The US Federal Reserve (Fed, central bank) kept its reference interest rates stable this Wednesday at 5-5.25%, in the first pause in its monetary adjustment since March 2022, although it expects new increases between now and the end of the year.
The Fed thus decided to take a break and will not raise interest rates this month, although it did not rule out continuing to raise them in the future if necessary.
Rates thus remain in a range of between 5% and 5.25%, the highest level since mid-2007, after a streak of 10 consecutive increases carried out to lower inflation.
“Keeping the target range stable at this meeting allows the Committee (Federal Open Market) to evaluate additional information and its implications for monetary policy”, the Fed pointed out in a statement in which it warned that despite the pause it is prepared for more increases “if risks arise” that prevent inflation from falling to the 2% target.

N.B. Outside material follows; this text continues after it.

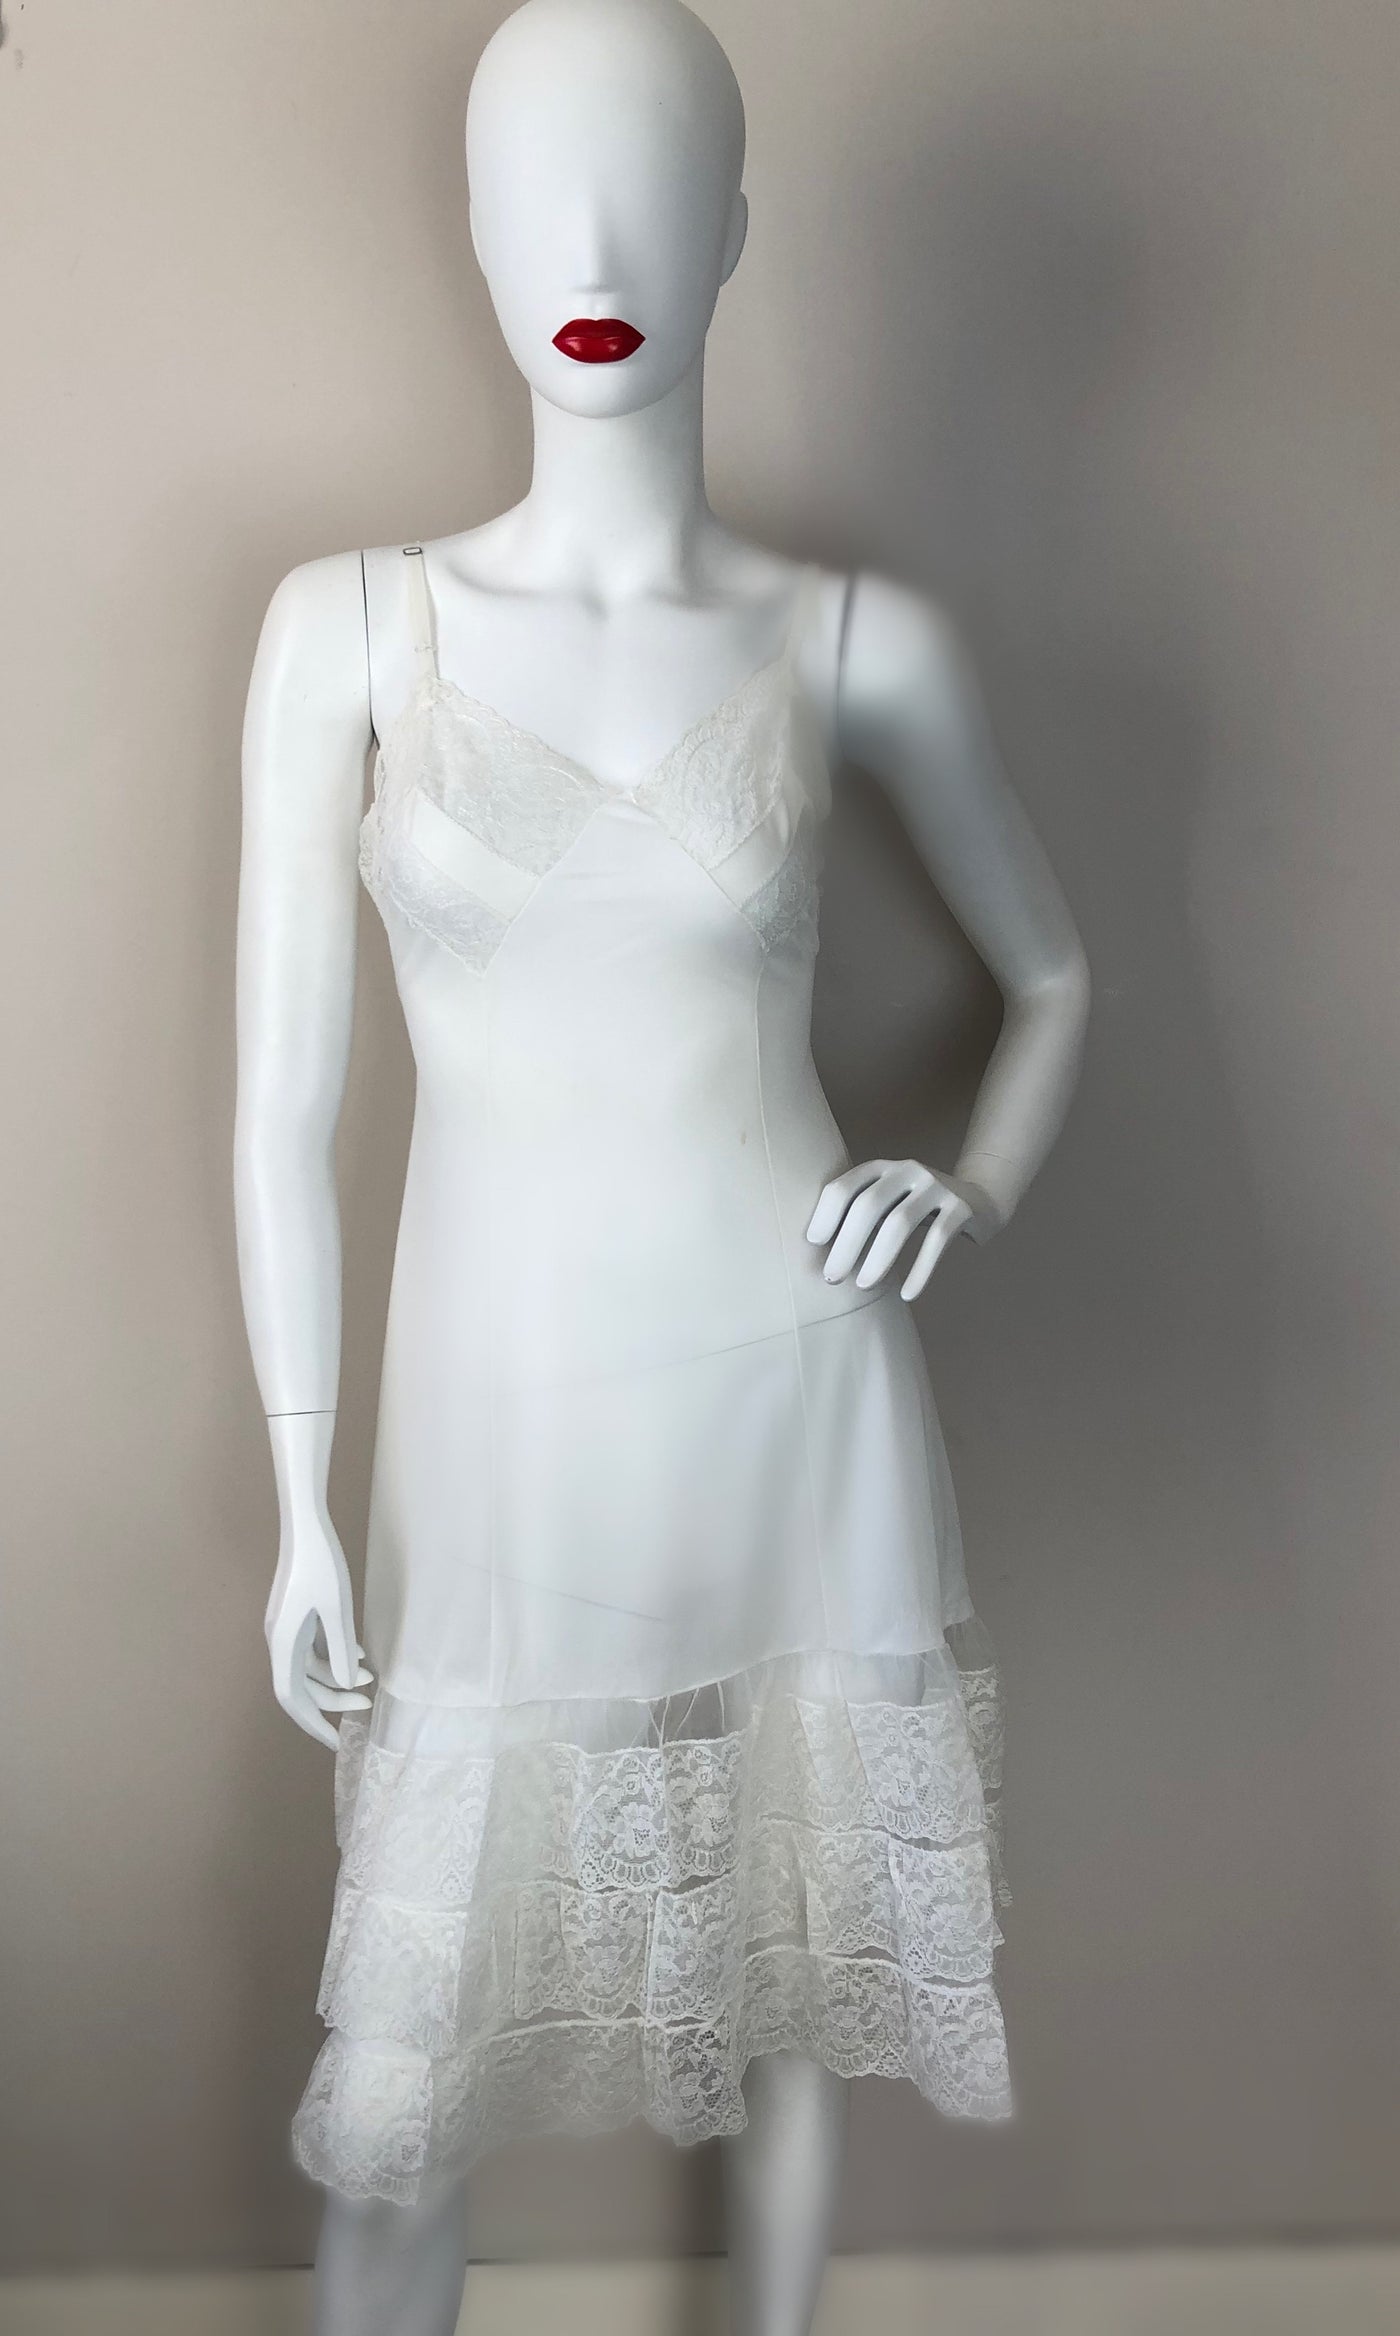 White slip dress
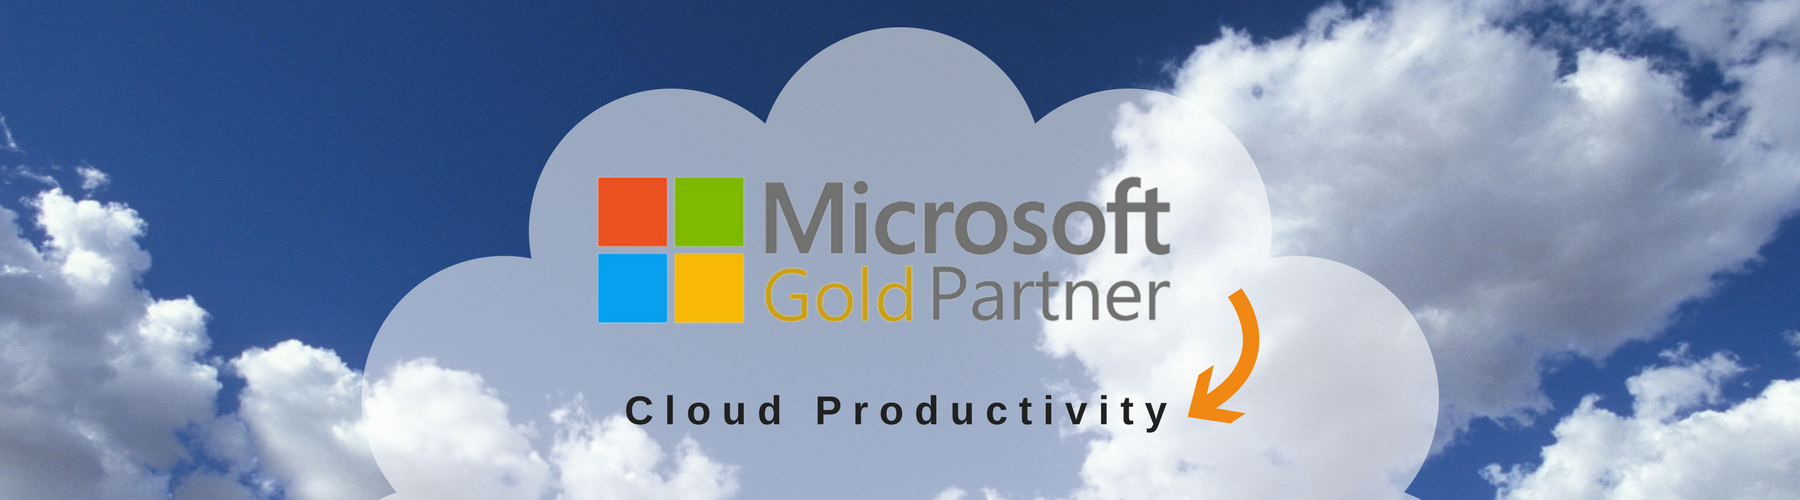 MS Cloud Productivity - Website.png

It also raised its growth forecast for the world’s largest economy to 1% in 2023 from 0.4% in March, and slightly lowered its inflation forecast to 3.2%, from the previous 3.3%.
In determining the degree of additional policy tightening that may be appropriate to achieve that objective, the Committee will take into account the cumulative tightening of monetary policy, the way in which monetary policy affects economic activity and inflation, and factors economic and financial.
The president of the Fed, Jerome Powell, appears this afternoon to explain this decision, which is known one day after learning that the year-on-year rate of inflation fell considerably in May, 9 tenths, to stand at 4%, its lowest level since March 2021.
It was the second steepest drop in the consumer price index since it started to decline 11 months ago, though the figure is still far from the Fed’s 2% target.
In the statement, the Federal Reserve notes that recent indicators “suggest that economic activity has continued to expand at a moderate pace”, in a scenario in which job creation has been strong in recent months and the unemployment rate has remained low, but inflation “still elevated”.
The Fed acknowledged that tighter credit conditions for households and businesses are likely to weigh on economic activity, hiring and inflation even though “the extent of these effects remains uncertain”.
The American banking system, he added, “it is solid and resistant”.